Imperial News

Forecasting future global temperatures

by Emma Critchley

A discussion of recent data from the Met Office on future global temperatures by Professor Sir Brian Hoskins, Grantham Institute Director.

The current news item that the Met Office now predicts no global warming in the period up to 2017 is based on the latest 5-year forecast run with their new climate model. Such forecasts are at the frontiers of the subject and form part of a research programme in this area in the Met Office and elsewhere. The present level of scientific knowledge related to such forecasts is not high enough that they can be considered to be predictions.

However they are certainly interesting as they are performed with a very good model that includes the expected increase in greenhouse gases, small changes in solar radiation and the runs are started with our best knowledge of the current state of the ocean as well as other parts of the climate system.

The graph below, taken from the Met Office web site, shows up to 2011 the actual temperatures in black, the average of their results starting from times at 5-year intervals in the past in white, and the range of these in red. For the future period up to 2017 the mean of the model results and their range is shown in blue.
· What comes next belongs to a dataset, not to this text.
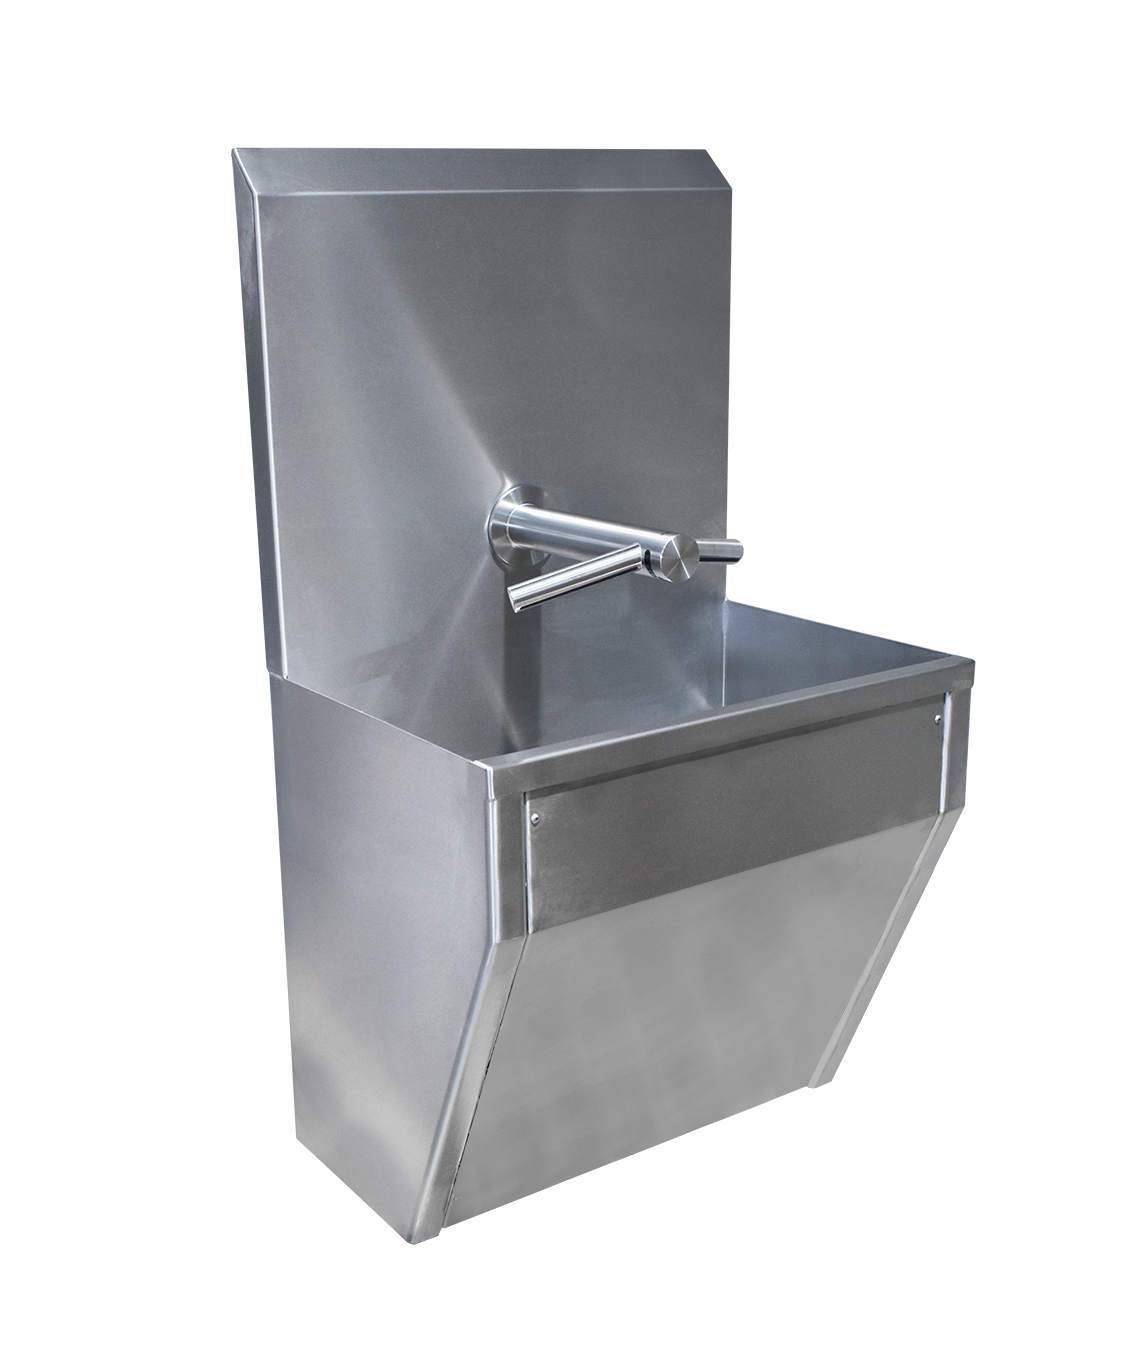 Stainless steel one station wash trough with Dyson Airblade wash + dry tap

Met Office global temperatures

Many runs of the model are performed. The average of them (shown in the thick blue line) indicates a level of global warmth comparable to that in the warmest years since 1998. This has been interpreted as an expectation of no warming from 1998 until 2017. However a number of aspects should be noted:

  • Half the years in the period to 2017 would be expected to be at new record global temperatures according to the model
  • Smoothing the temperature record, both the past and the model mean, on a multi-decadal time-scale would still show a world warming continuously up to 2017
  • The rapid increase in temperature in the 1990s and the more recent levelling off are consistent with mathematical analyses that describe the record as a mixture of a trend and multi-decadal variability (MDV). In times when the MDV gives warming then the total warming is large. At other times, such as now, when the MDV gives cooling then the total warming is small. When the MDV starts to give warming again a period of rapid warming can be expected.